§ What is needed
Among the entries below, the lines from the one with "teorías críticas del" up to and including the one with "Kartka pocztowa/zaproszenie 150x98mm" are to be restated exactly, without pictures.

§ Given data

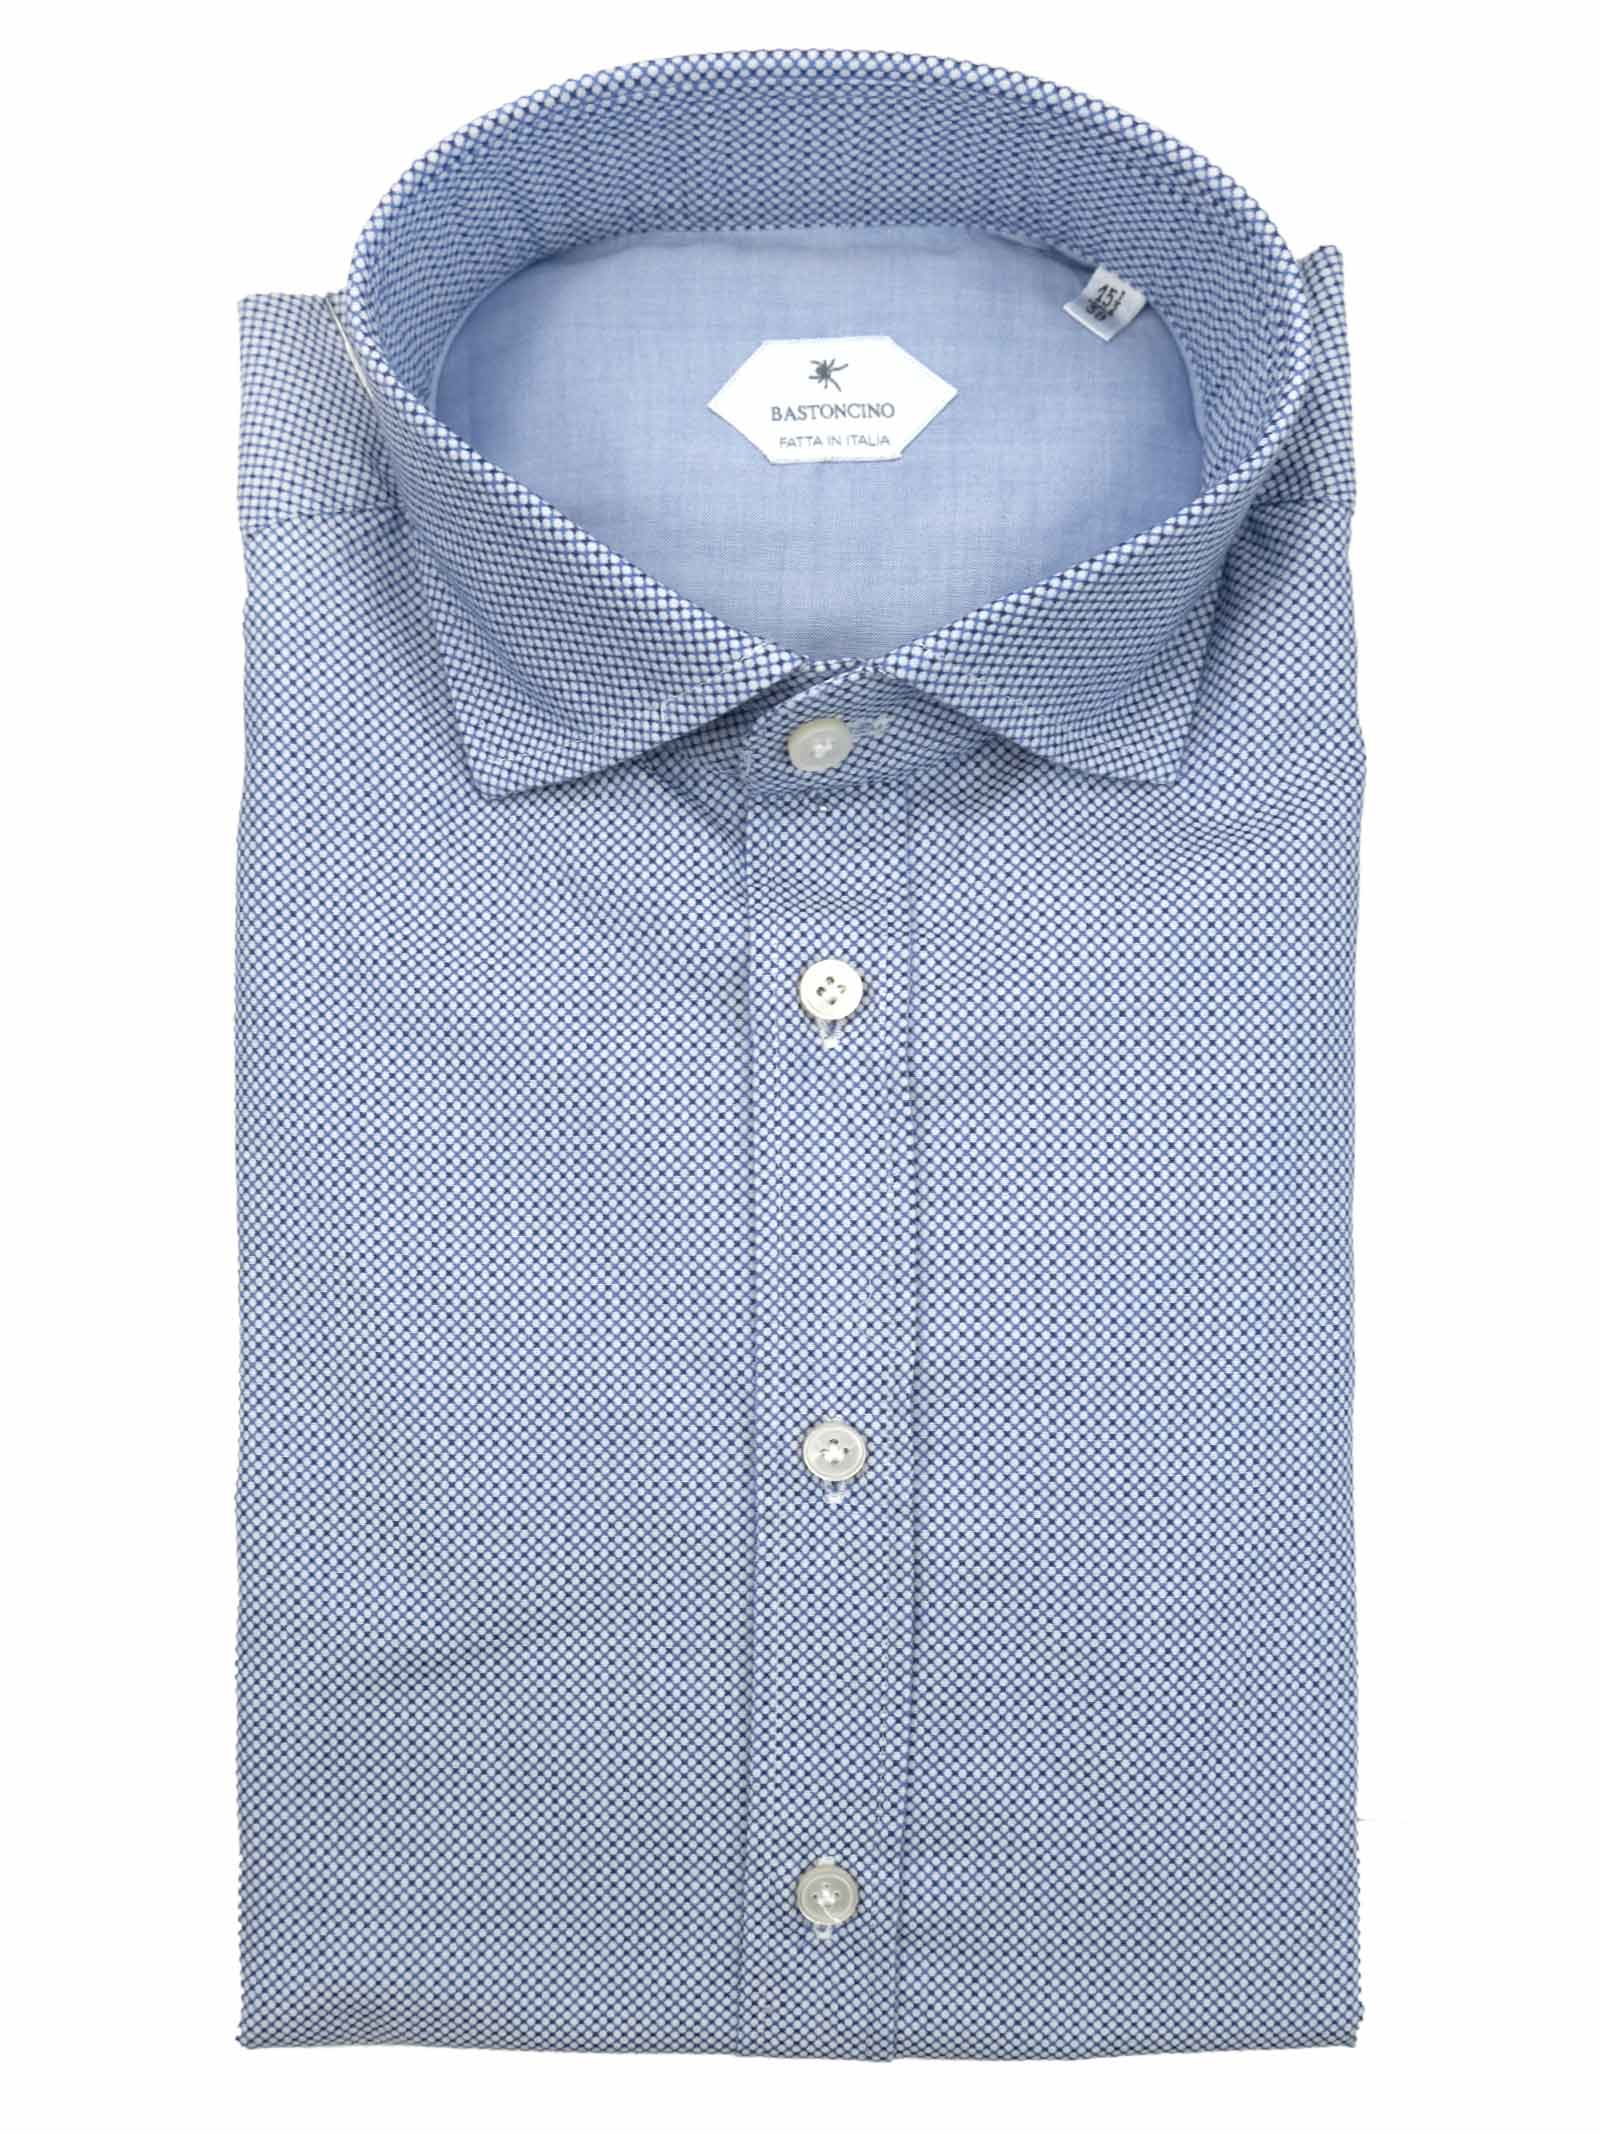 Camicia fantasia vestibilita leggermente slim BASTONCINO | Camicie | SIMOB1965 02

...

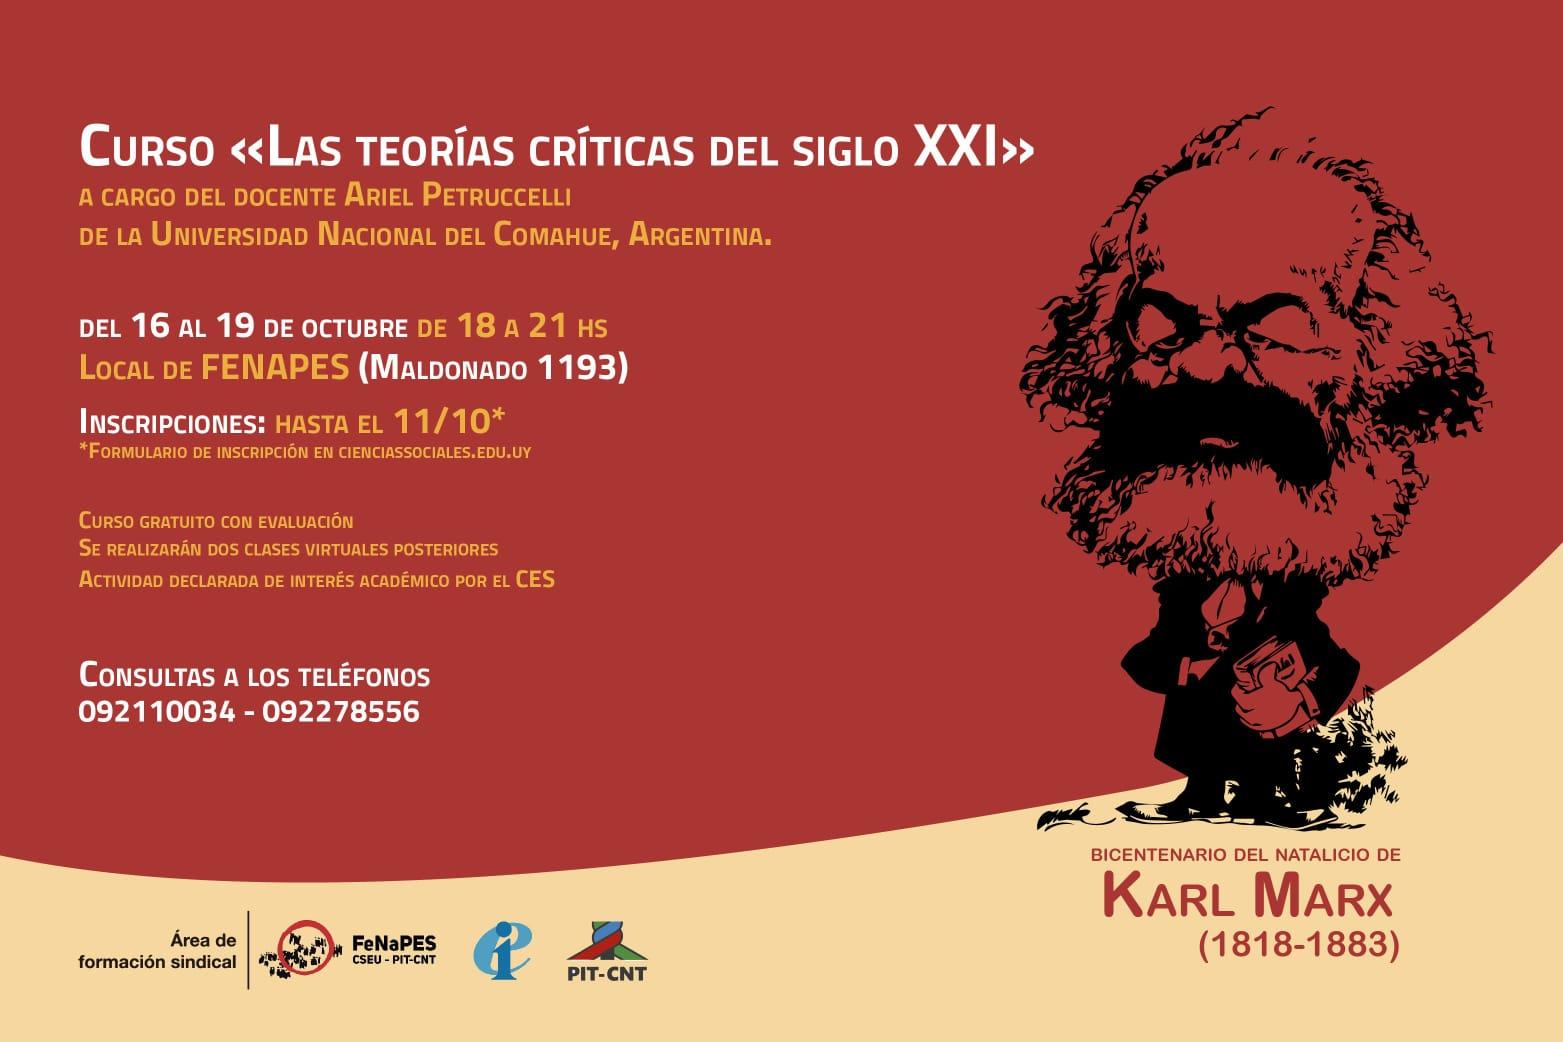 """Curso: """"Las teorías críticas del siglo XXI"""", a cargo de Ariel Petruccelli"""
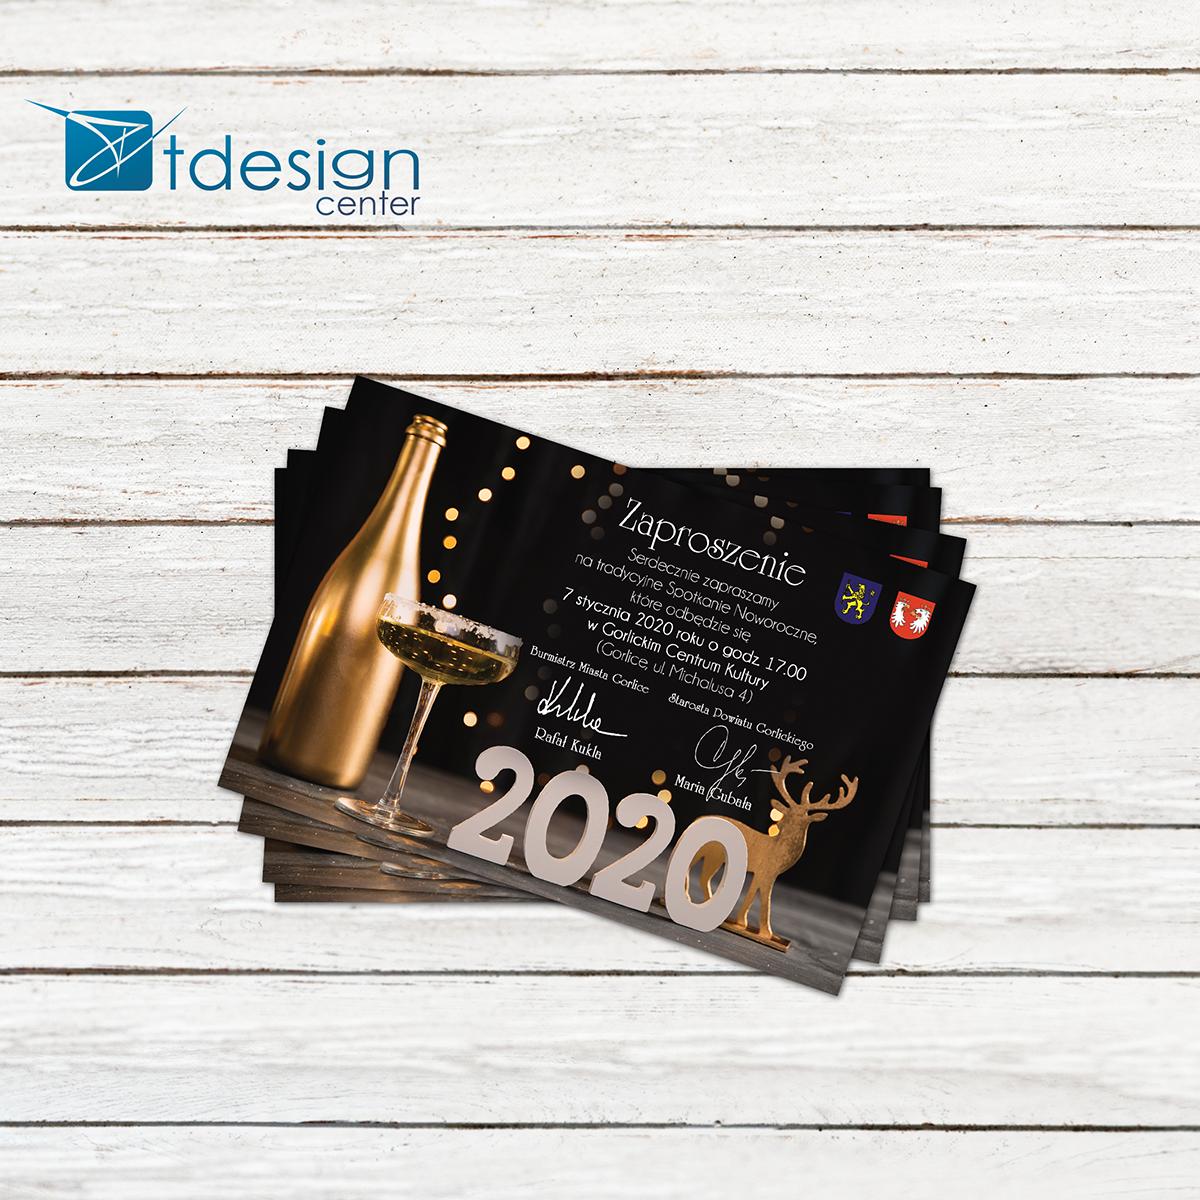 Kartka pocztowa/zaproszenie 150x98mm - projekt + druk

==

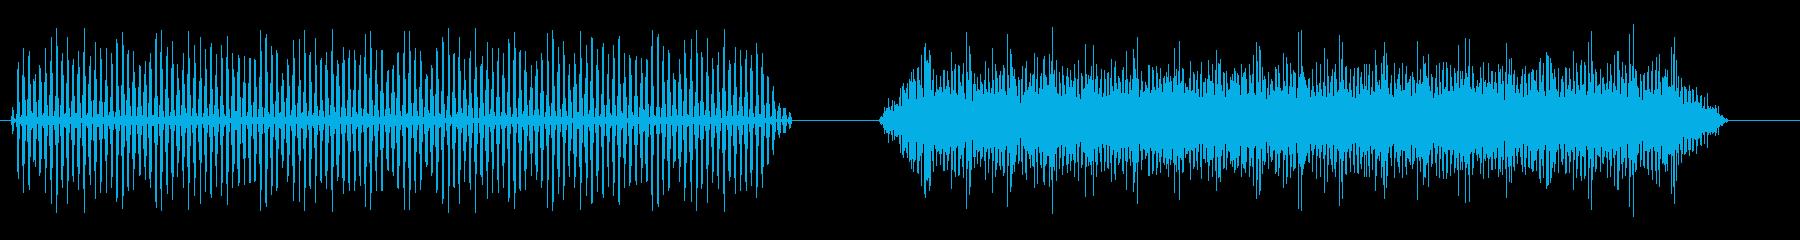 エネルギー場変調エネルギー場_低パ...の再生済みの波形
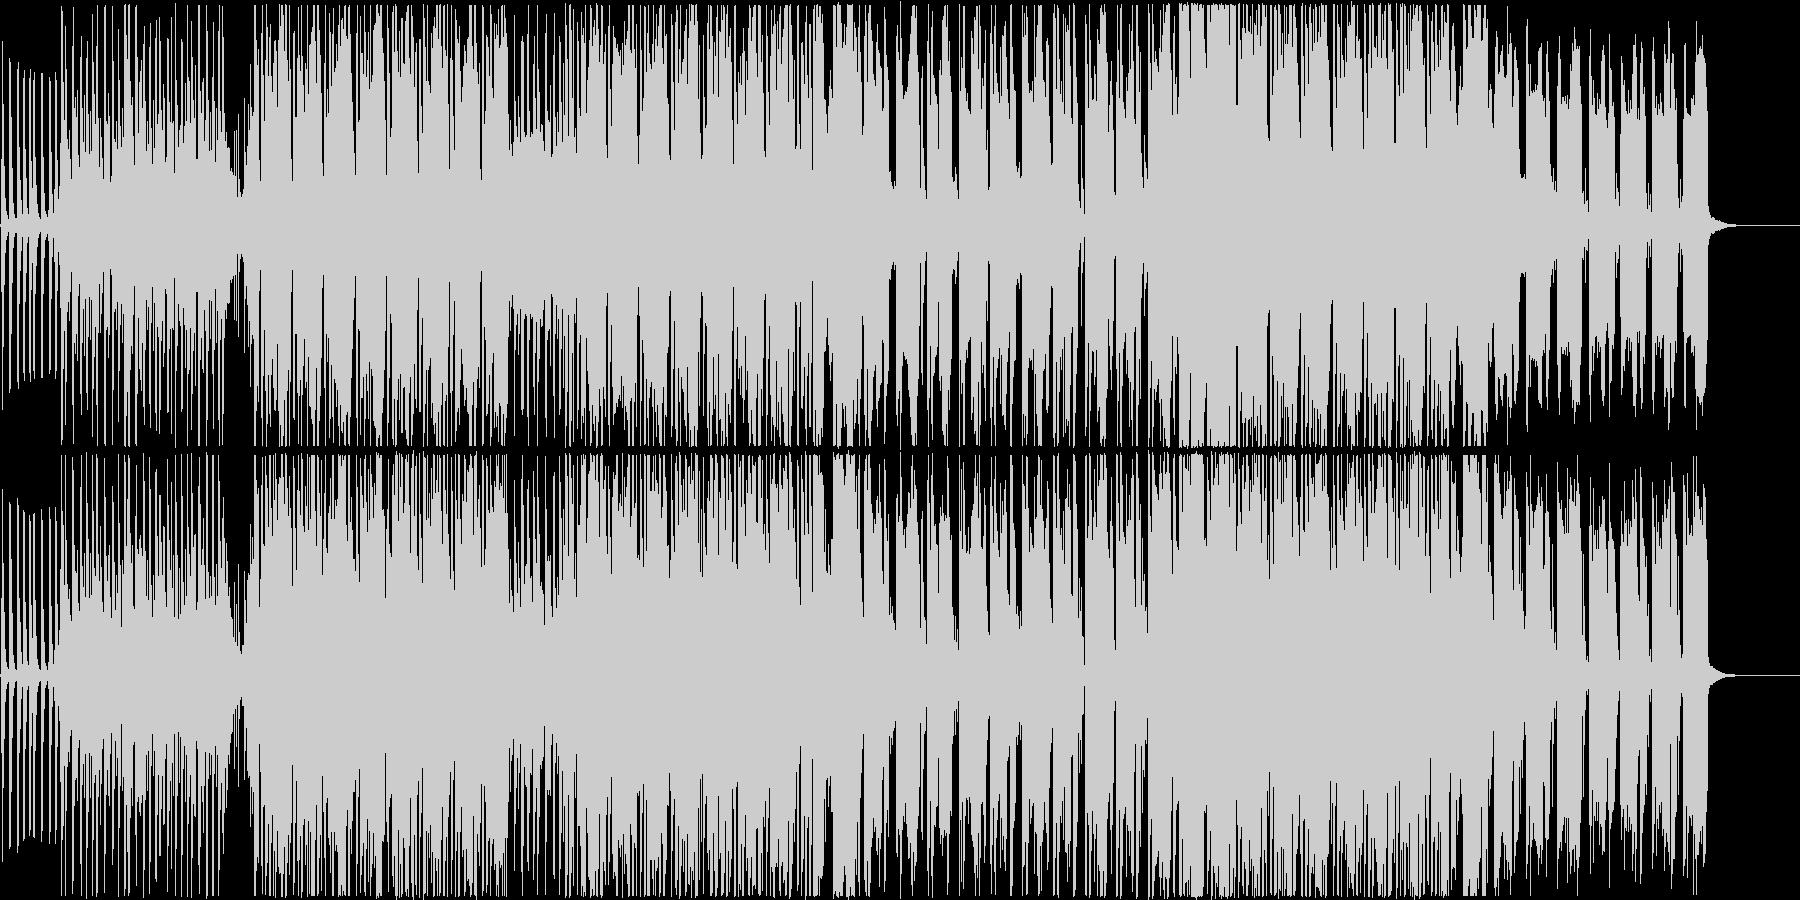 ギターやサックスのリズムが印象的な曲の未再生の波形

§ Task result
 """Curso: """"Las teorías críticas del siglo XXI"""", a cargo de Ariel Petruccelli"""
 Kartka pocztowa/zaproszenie 150x98mm - projekt + druk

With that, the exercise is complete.